Император Николай остался очень доволен исходом кабардинской кампании 8. Особенно лестно Государь отзывался [184] о действиях генерала Фрейтага, сожалея, что Шамиль не продлил своего пребывания в Кабарде, что дало бы нам возможность во-первых нанести ему “конечное поражение" и во-вторых — отличить истинно преданных нам людей в Кабарде от легкомысленных и вероломных.
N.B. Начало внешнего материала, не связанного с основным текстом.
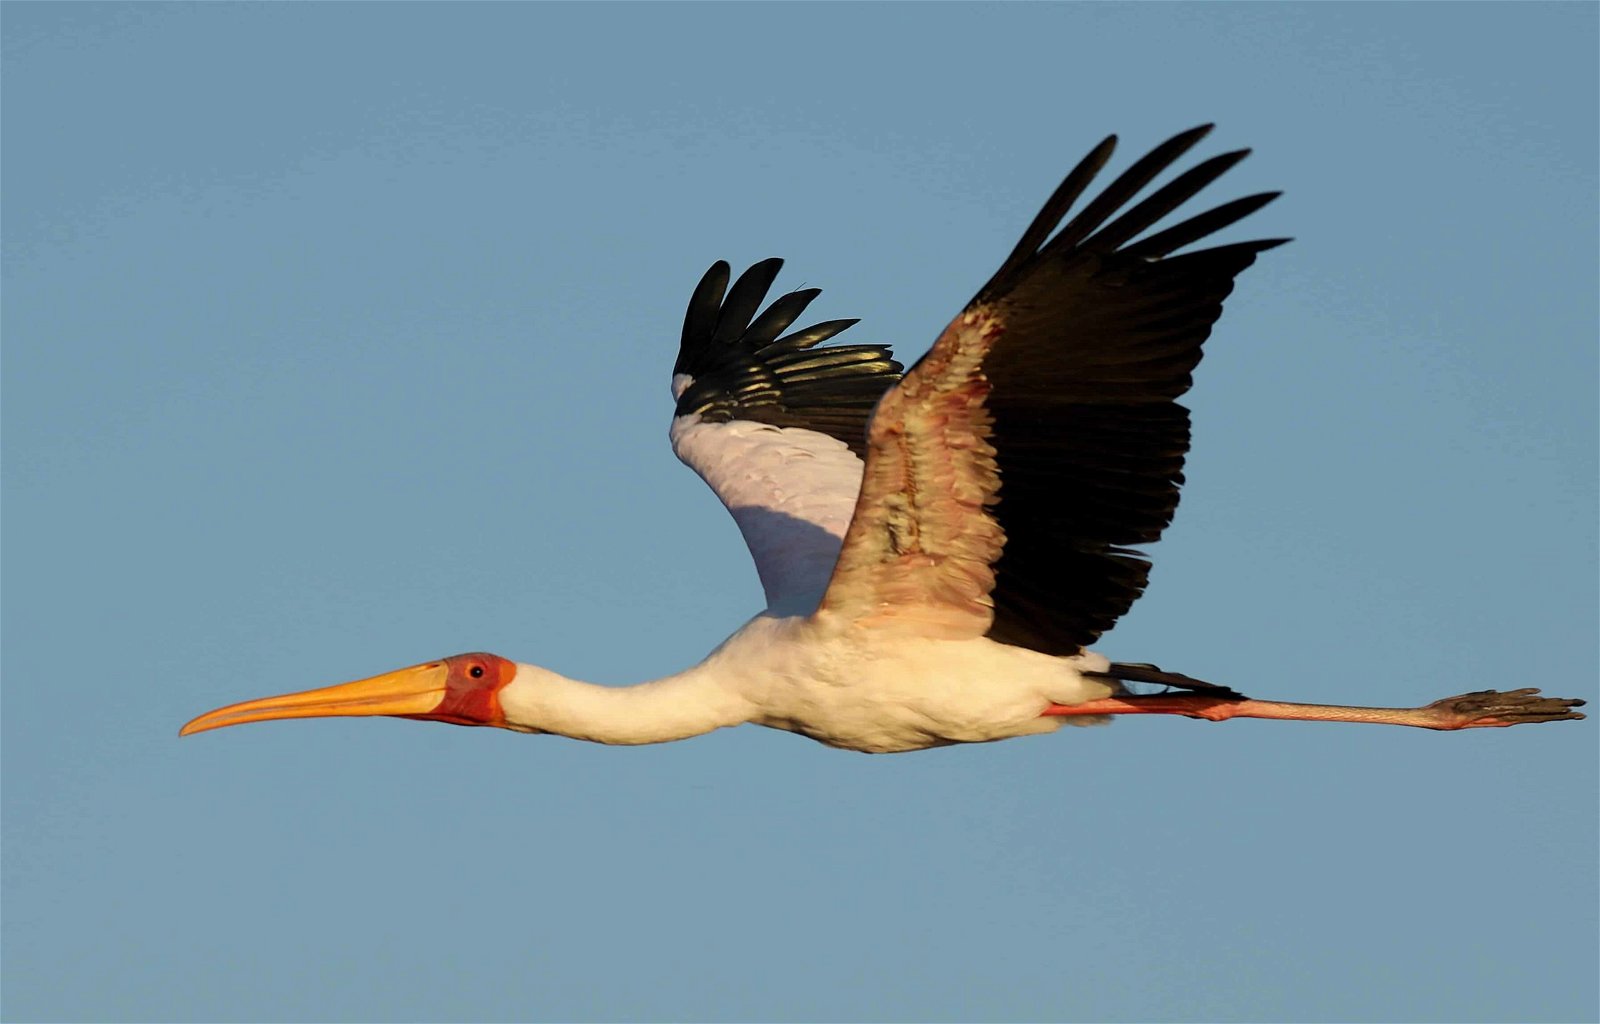 Use burst mode to capture action, like this bird in flight.

Государь повелел конфисковать земли всего рода Анзоровых, открыто принимавших участие в восстании, приглашавших Шамиля в Кабарду и последовавших за ним после удаления его из наших пределов, передать эти земли во владение командиру лейб-гвардии кавказского горского полуэскадрона ротмистру Анзорову, “долго и верно служившему в конвое". Шамиль же назначил начальника этого рода Магомет-Мирзу Анзорова наибом гехинского округа в Малой Чечне на место низложенного им наиба Атабая. Кроме фамилии Анзоровых, призывавших имама в Кабарду и открыто содействовавших народному восстанию, были еще и тайные агитаторы, которые, под личиною преданности русскому правительству, принимали деятельное участие в подпольной крамоле. Во главе этих последних стоял народный эфенди Умар Шаротлоков. В самый разгар возмущения он послал своего сына к начальнику центра передать, что Шамиль, приставив кинжал к его груди, требовал, чтобы он отрекся от русских, и что будто бы он, Шаротлоков, как милости просил у Шамиля позволения “не быть ни на той, ни на другой стороне". Это заявление сильно противоречило показаниям пленных, утверждавших, что Шамиль и сам не прибегал к насилиям, и наибам своим предписал придерживаться того же образа действий. Он даже с пленным казаком обошелся кротко и запретил отбирать от него оружие. Вечером того дня, когда сын народного эфенди был у начальника центра, князь Голицын виделся с подполковником Атажукиным, старшим князем Большой Кабарды, от которого узнал, что Умар Шаротлоков [185] подсылал к нему доверенное лицо, уговаривая принять участие в восстании и пристать к Шамилю 9. Получив о деяниях народного эфенди донесение начальника центра, главнокомандующий приказал арестовать его и препроводить в Ставрополь, где он должен был оставаться до окончательного решения своей участи. Кроме того, всех кабардинцев, приставших к скопищу Шамиля и не возвратившихся в свои аулы после умиротворения края, приказано объявить вне закона и признать абреками, а крепостных людей изменивших нам кабардинских дворян и князей освободить от крепостной зависимости.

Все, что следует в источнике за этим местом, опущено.